Experimental: Dose escalation of Ad-hCMV-TK and Ad-hCMV-Flt3L; This protocol is a dose escalation study of Ad-hCMV-TK and Ad-hCMV-Flt3L infused at the time of surgical resection followed by systemic oral administration of valacyclovir in addition to current standard of care with temozolomide and radiotherapy. Eligible subjects will be enrolled in six sequential dosing cohorts: A= Ad-hCMV-TK: 1x10^10 vp and Ad-hCMV-Flt3L: 1x10^9 vp; B= Ad-hCMV-TK: 1x10^11 vp and Ad-hCMV-Flt3L: 1x10^9 vp; C= Ad-hCMV-TK: 1x10^10 vp and Ad-hCMV-Flt3L: 1x10^10 vp; D= Ad-hCMV-TK: 1x10^11 vp and Ad-hCMV-Flt3L: 1x10^10 vp; E= Ad-hCMV-TK: 1x10^10 vp and Ad-hCMV-Flt3L: 1x10^11 vp; F= Ad-hCMV-TK: 1x10^11 vp and Ad-hCMV-Flt3L: 1x10^11 vp Subjects will be treated sequentially with a minimum of 21 days before treatment of new subjects within a cohort or before dose escalation.
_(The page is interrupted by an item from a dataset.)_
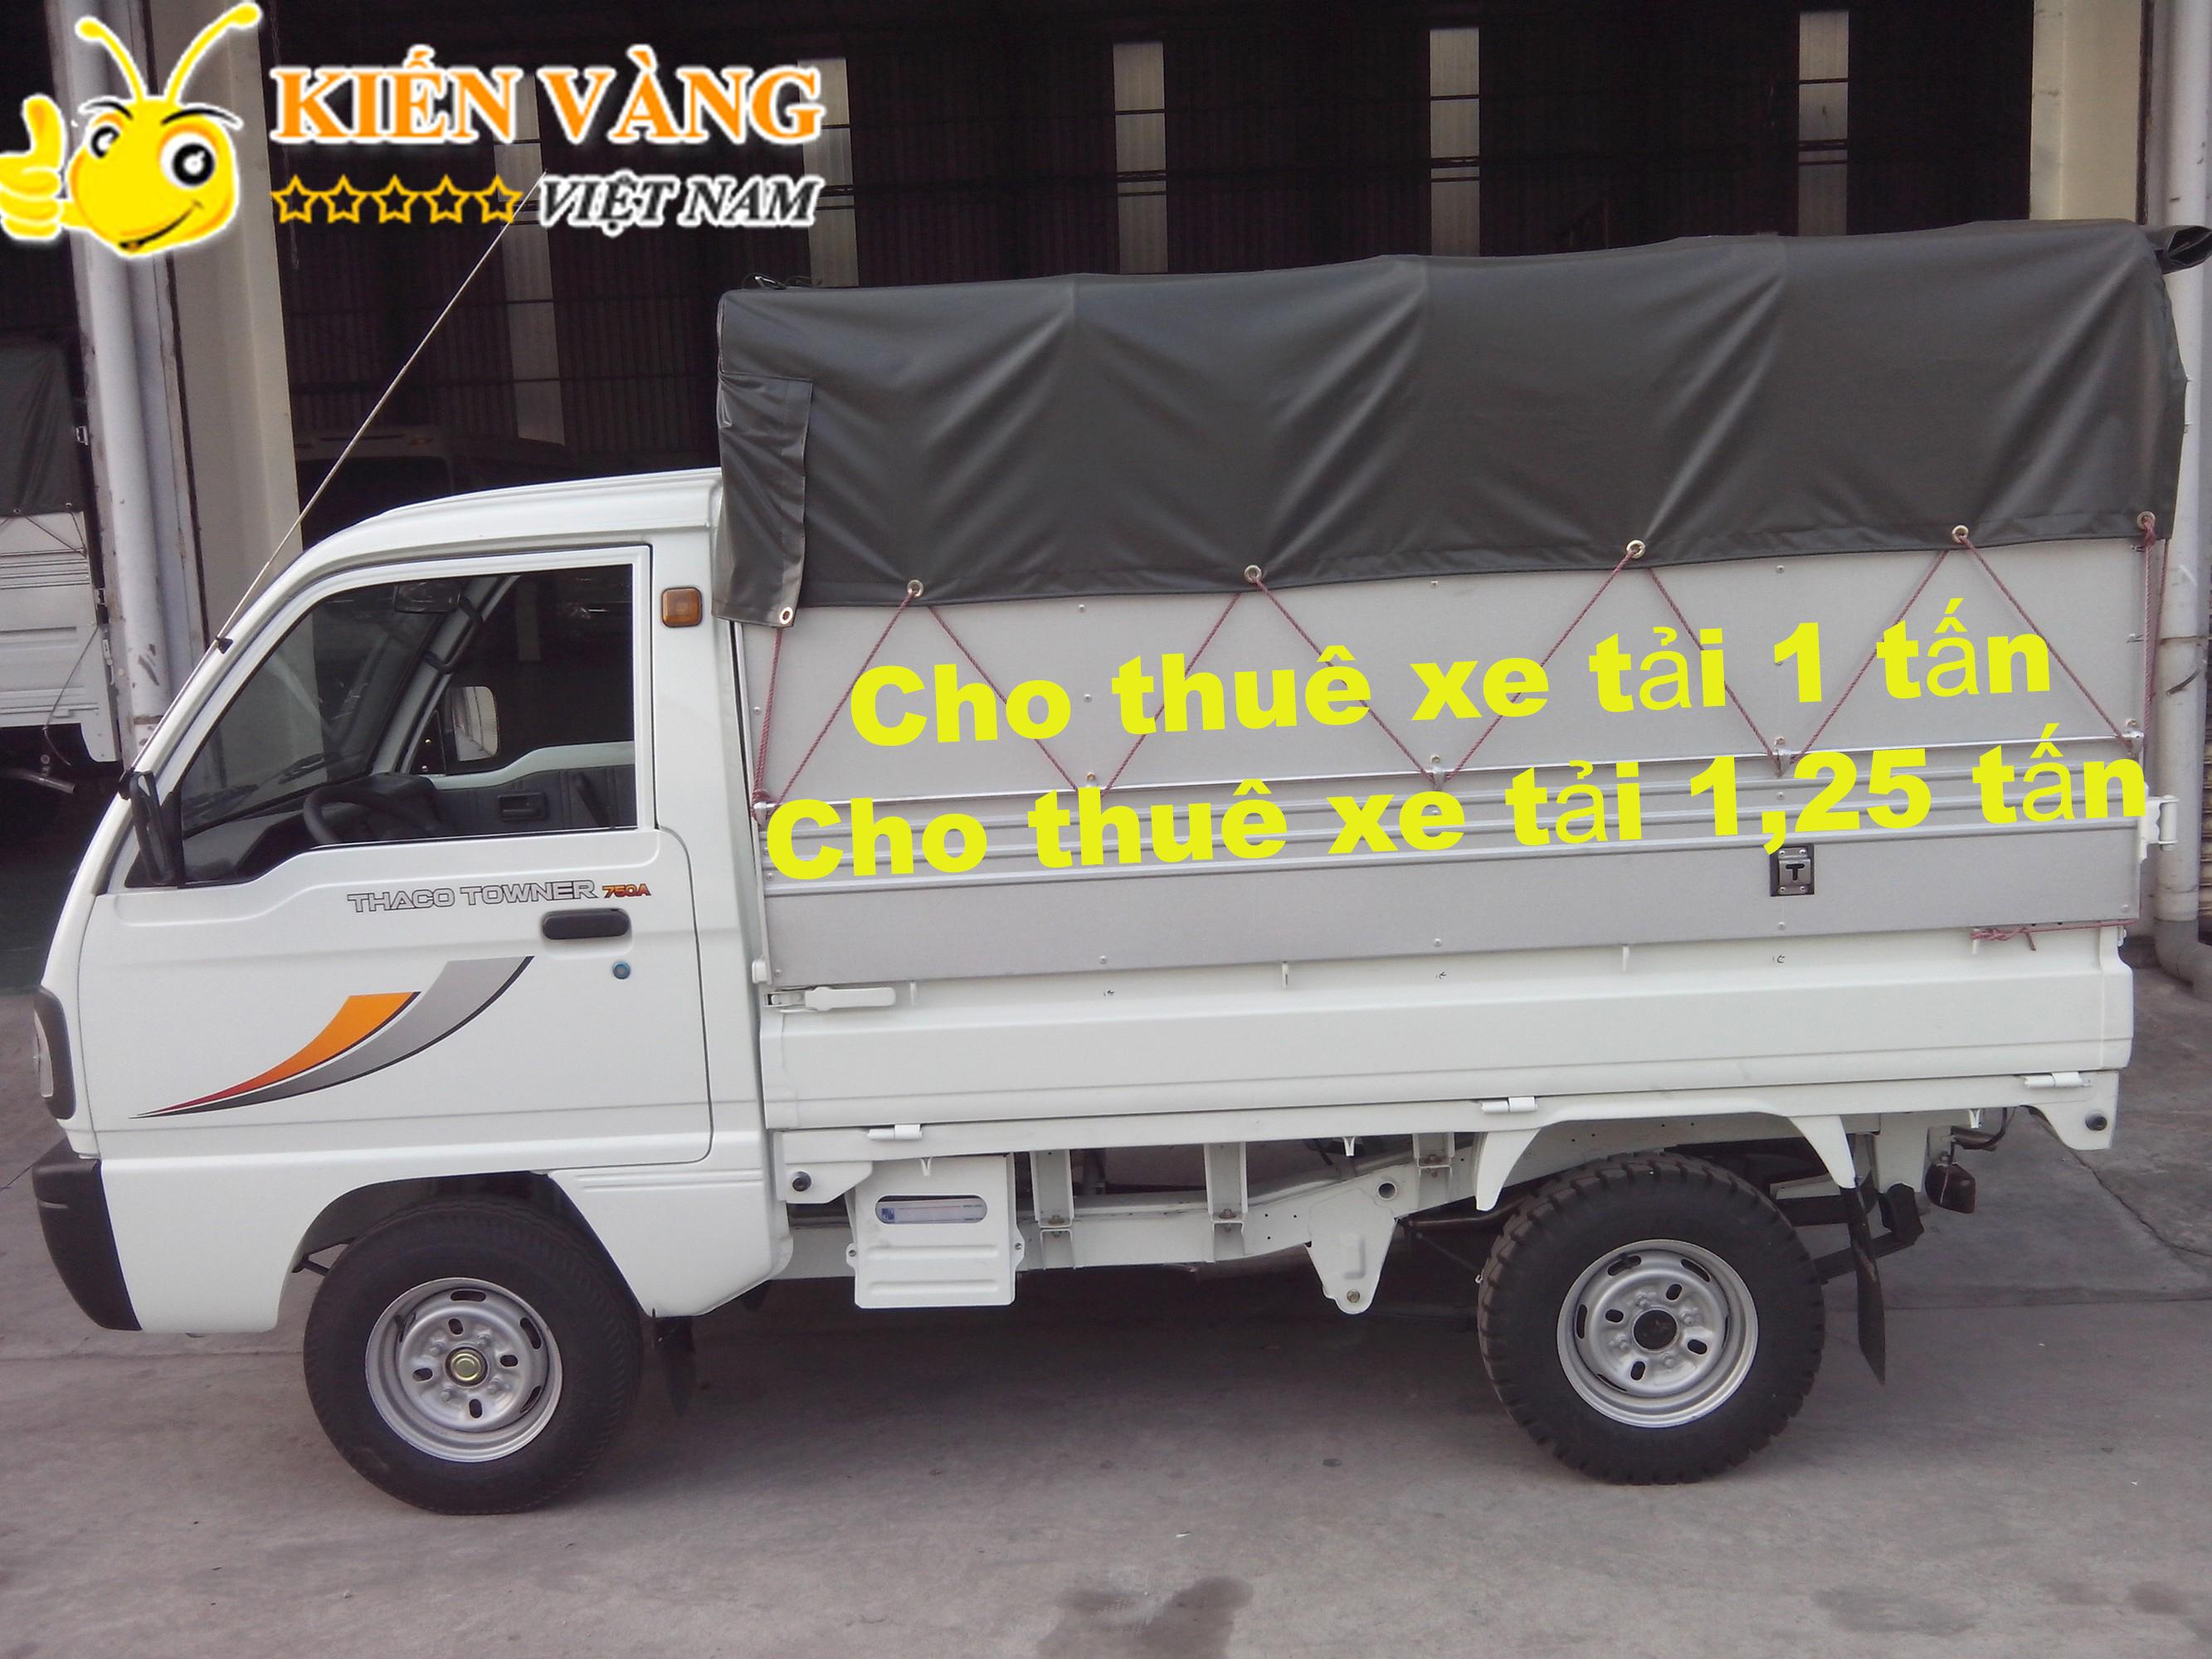 cho thuê xe tải 1 tấn, cho thuê xe tải 1,25 tấn

Biological: Dose Escalation of Ad-hCMV-TK and Ad-hCMV-Flt3L; Two adenoviral vectors will be used, each to deliver one of the therapeutic genes. Both vectors are human serotype 5, replication-defective, first generation adenoviral vectors deleted in E1a and E3 viral encoding regions. Each vector will constitutively express their respective therapeutic transgene (i.e. HSV1-TK or Flt3L) under the control of the human cytomegalovirus promoter (hCMV). Valacyclovir treatment will begin 1-3 days after vector administration at a dose of 2 grams given orally 3X per day for 14 days. A second course of valacyclovir will be given beginning Week 10. Radiation and chemotherapy will be administered as per standard of care.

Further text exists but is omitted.